Since I know a little about what is coming down the pike, I’m preparing for it. I’ve worked up some talking points, because I know TV is brutal about keeping the word count down and the clarity as high as possible. I’ve been practicing in front of a camera to work on looking at least vaguely competent and likable. I’ll have some time to do a couple of mock interviews with others posing as hostile interviewers2. I lack any media training, but that doesn’t mean I have to go in without any clue.

If any readers happen to have any advice to offer, please shoot me an e-mail or comment here. Hopefully I can get a copy of the interview and post it after it is all over, and we can all do a post-mortem.

  1. I’ve noticed there is very little demand on television for experts on the application of simplified heuristics approximating Hamiltonian paths as applied to astronomical search order algorithms that are optimized to instrument-imposed overhead limitations. But I can’t imagine why. []
  2. Or at least “hard hitting” ones, although if this journalist actually takes a swing at me I’d be quite surprised. []

Off to TAM 5.5

Posted on January 24th, 2008 by blue collar scientist

In a few minutes, I’m leaving for TAM 5.5. I’ll hop a flight from Jacksonville, Florida (where I’m currently visiting) to Ft. Lauderdale and return to Jax on Monday. If everything goes well - meaning if the hotel internet is working right - I should be able to post an update each day from the conference. If not - see you Monday!

CCSO Talk

Posted on January 11th, 2008 by blue collar scientist

The CCSO talk seemed to be a success. I’m never quite sure how a brand-new, never-before-delivered presentation will go. I’ve had a few stinkers, but hopefully as I’ve done more and more I’ve adopted a set of practices that tend to mitigate that. Whatever the case - the talk seemed to go well. There were a lot of people in attendance, and a bunch of people came up to talk to me afterwards, and nobody seemed to fall asleep.

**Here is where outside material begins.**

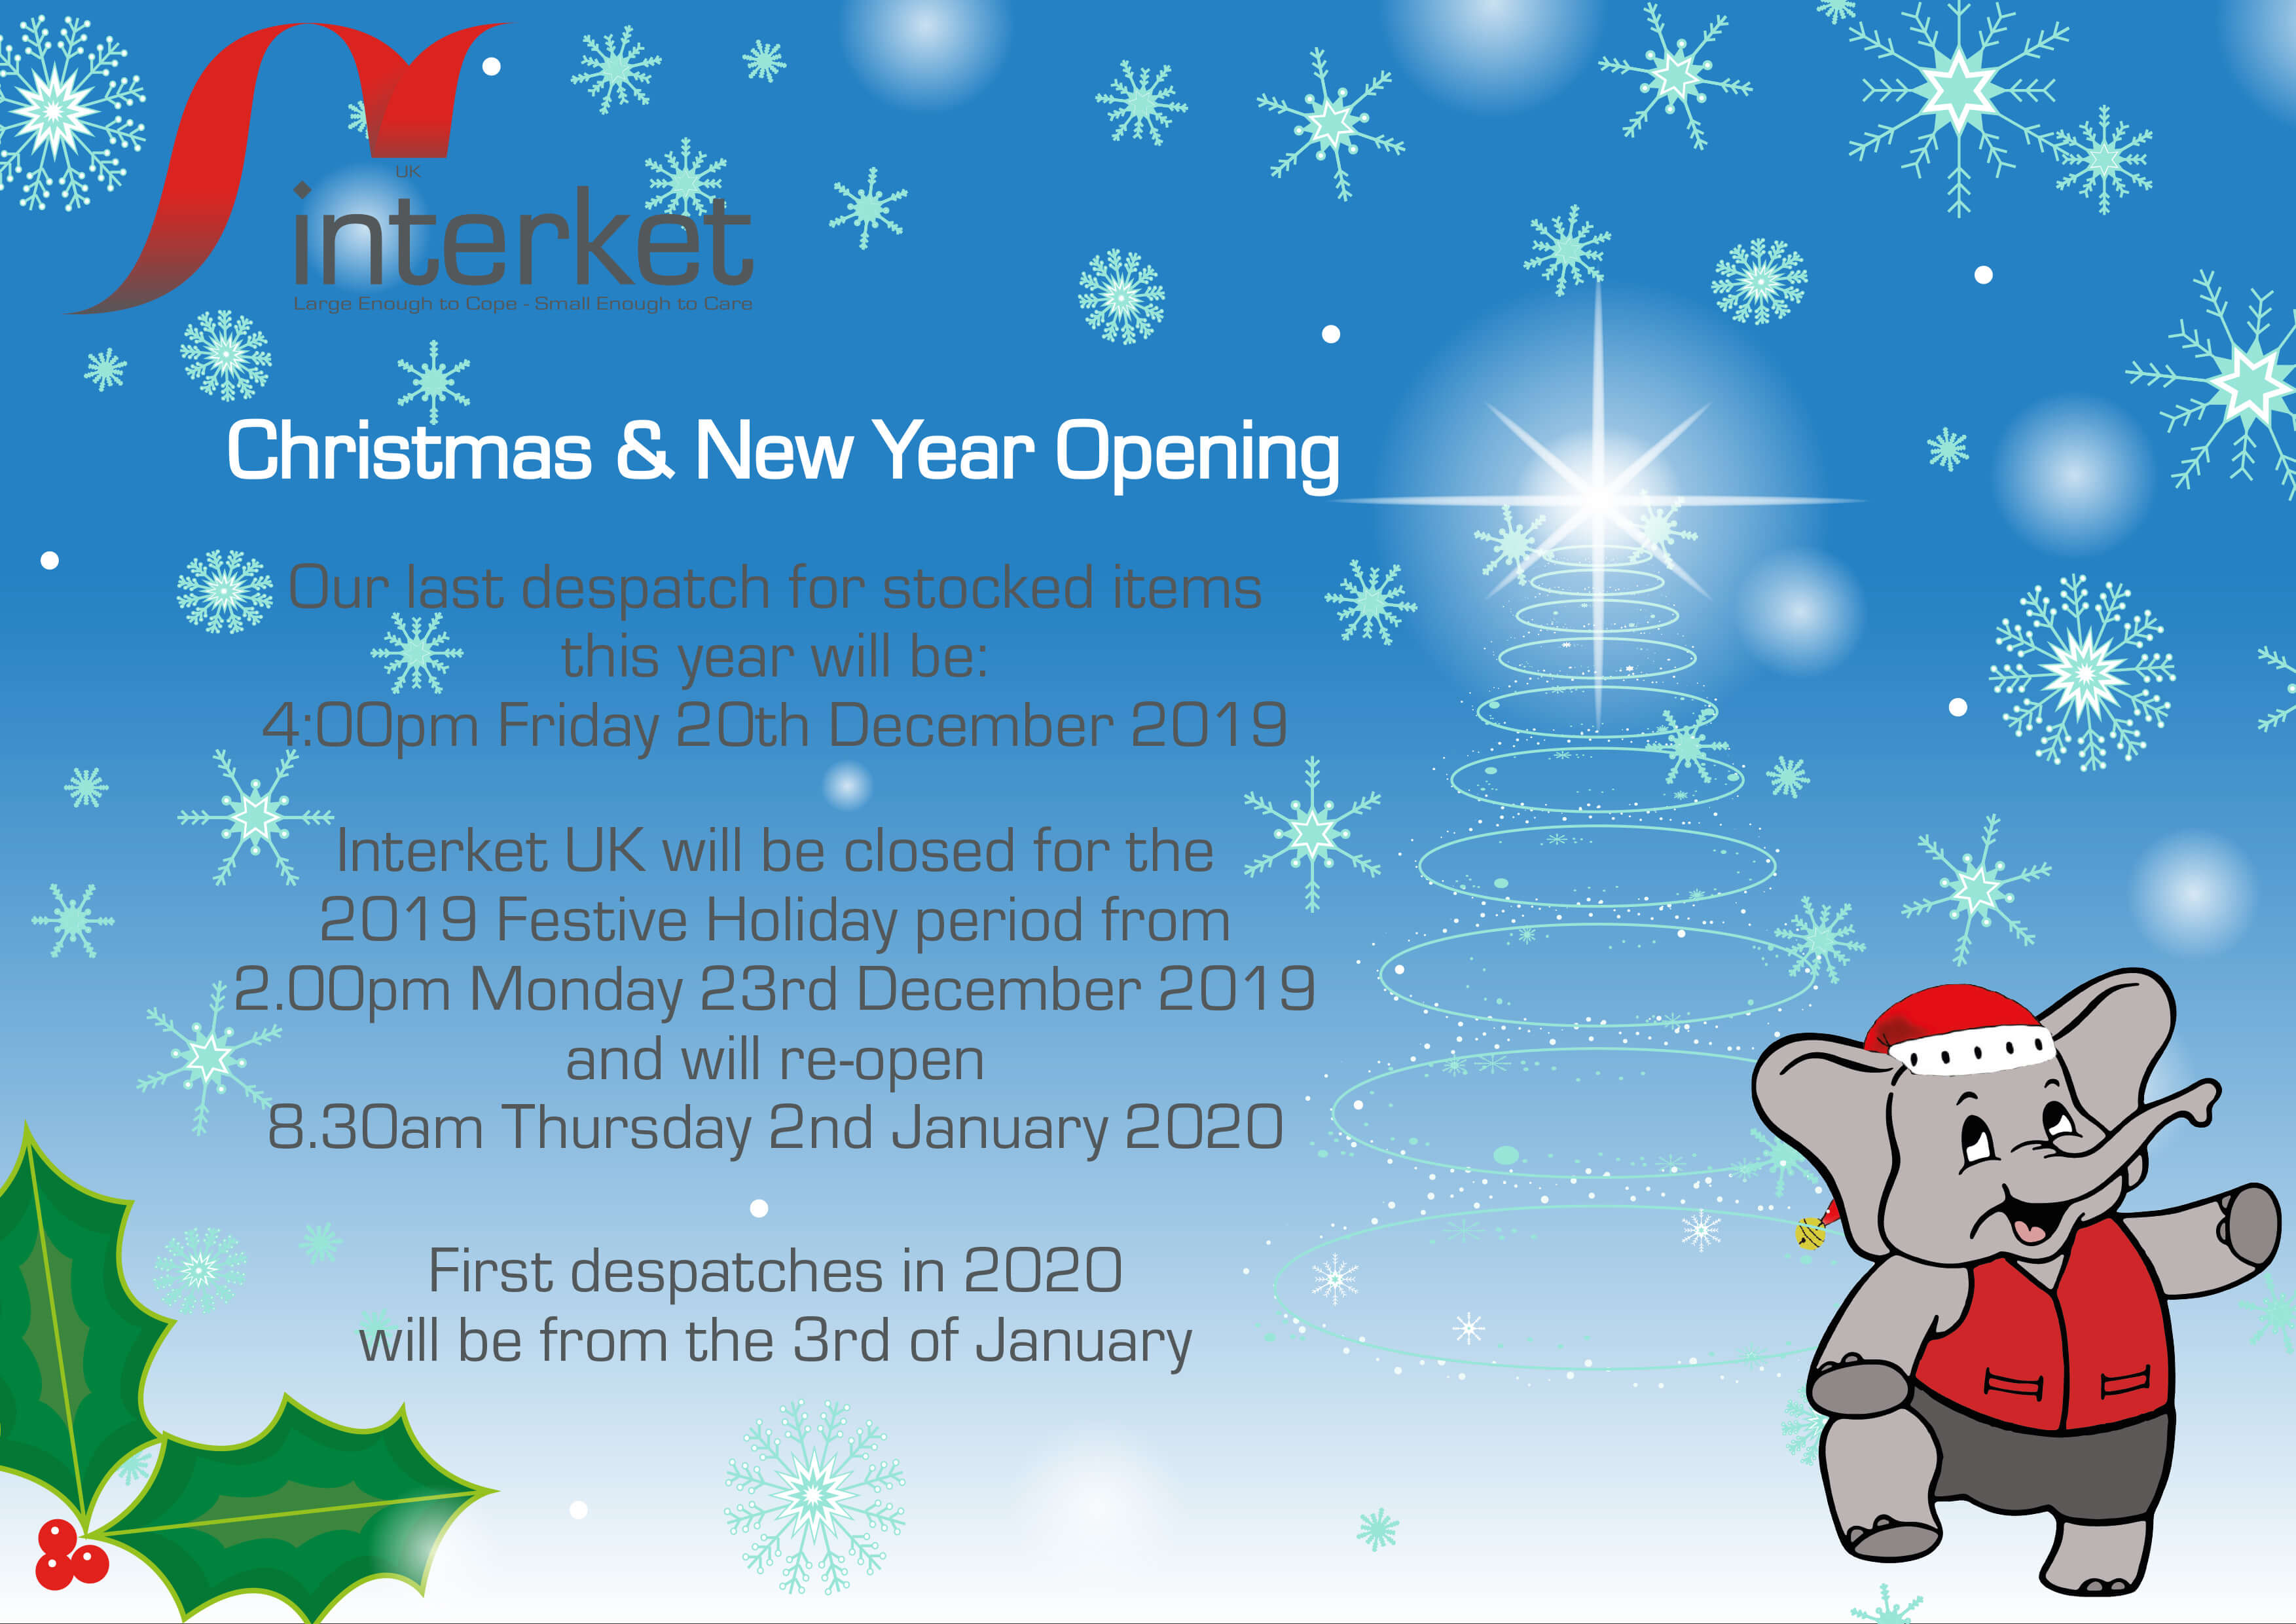 Interket Christmas Opening Hours 2019

The strategy that I’ve been adopting for the last year and a half, of spending less time explaining what we know and a lot of time explaining how we know it, seems to be paying off. People are responding to that change in my presentations and are very positive about it. A lot of Thursday night’s talk had to do with the cosmic distance scale and how it expanded as the size of the solar system was determined, and then stellar parallax was first measured, and then as the Cepheid period-luminosity relationship was discovered, and then as the redshift-distance relationship was discovered.  Knowing how all this knowledge was developed seems to have been a lot more meaningful to the audience than learning that the distances are really really huge.

Approaching the subject this way also allowed me to put a human face on things, and talk a bit about the people who made or advanced these discoveries. And slipping Henrietta Swan Leavitt into a presentation is always worth doing - people really respond when they find out a woman in a skilled but marginal university job made one of the most significant scientific discoveries ever.

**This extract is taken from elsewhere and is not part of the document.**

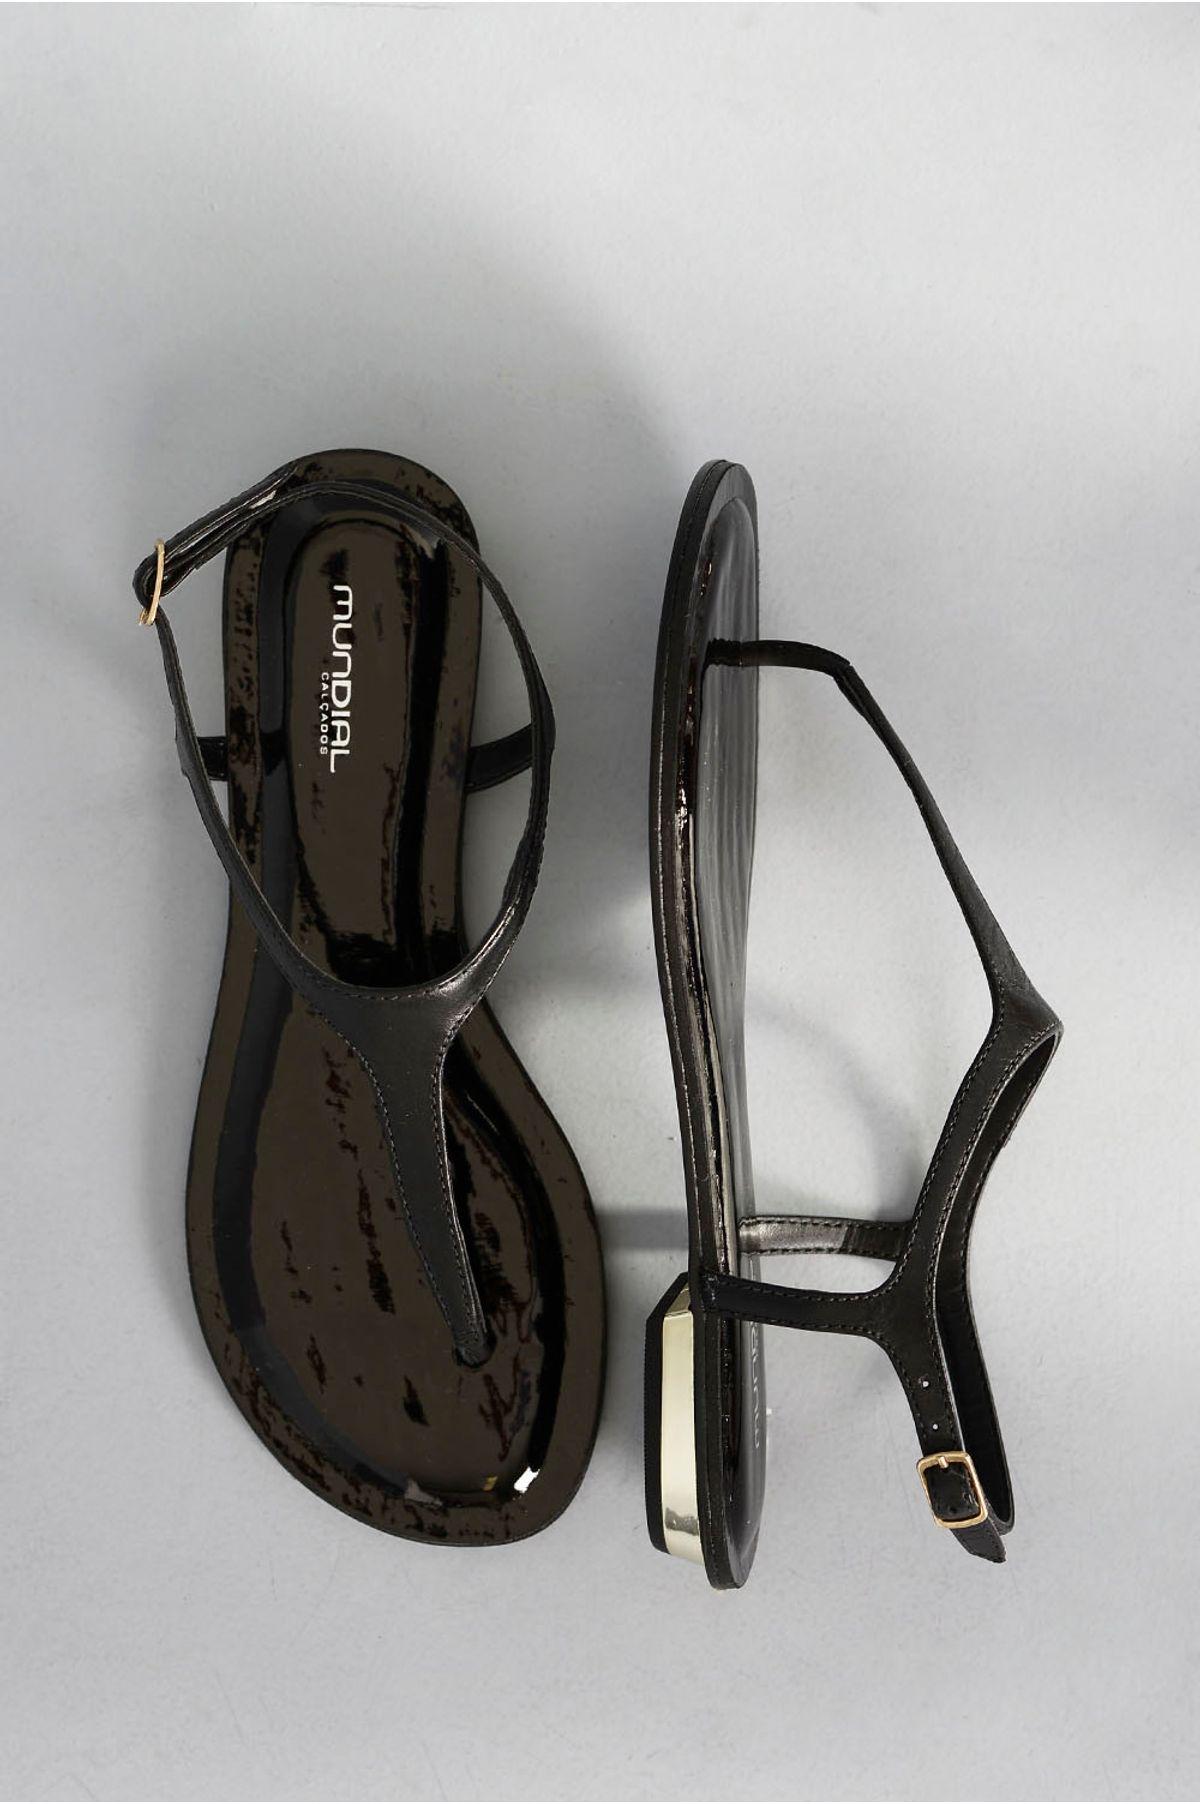 655f37d0d Sandália Feminina Rasteira Tanya Mundial | Mundial Calçados ...

Public Appearance - CCSO January 10, 2008

Posted on January 10th, 2008 by blue collar scientist

My first public appearance of 2008 will be at the Campbell Creek Science Center tonight (Thursday, January 10) at 7:00 PM.

I’ll be giving a talk on the history of how we discovered the universe. This one is going to be a pretty top-down lecture, not my favorite kind, but the material is interesting (to me and my modest group of fans, at least), and I promise you will learn how we learned the things we know about the universe. I won’t be blowing things up and there will be very little audience participation. :-( Subtitled “we are not special, but we are pretty cool,” it will be a survey of the most significant discoveries and models of the universe through western history, and how they were made.

I really love the venue at Campbell Creek. They have a great room with good acoustics, they treat me way better than most of the other venues I work, and each time I go I get a blue coffee mug. I’m looking forward to collecting my seventh tonight - hope they’re still giving them out!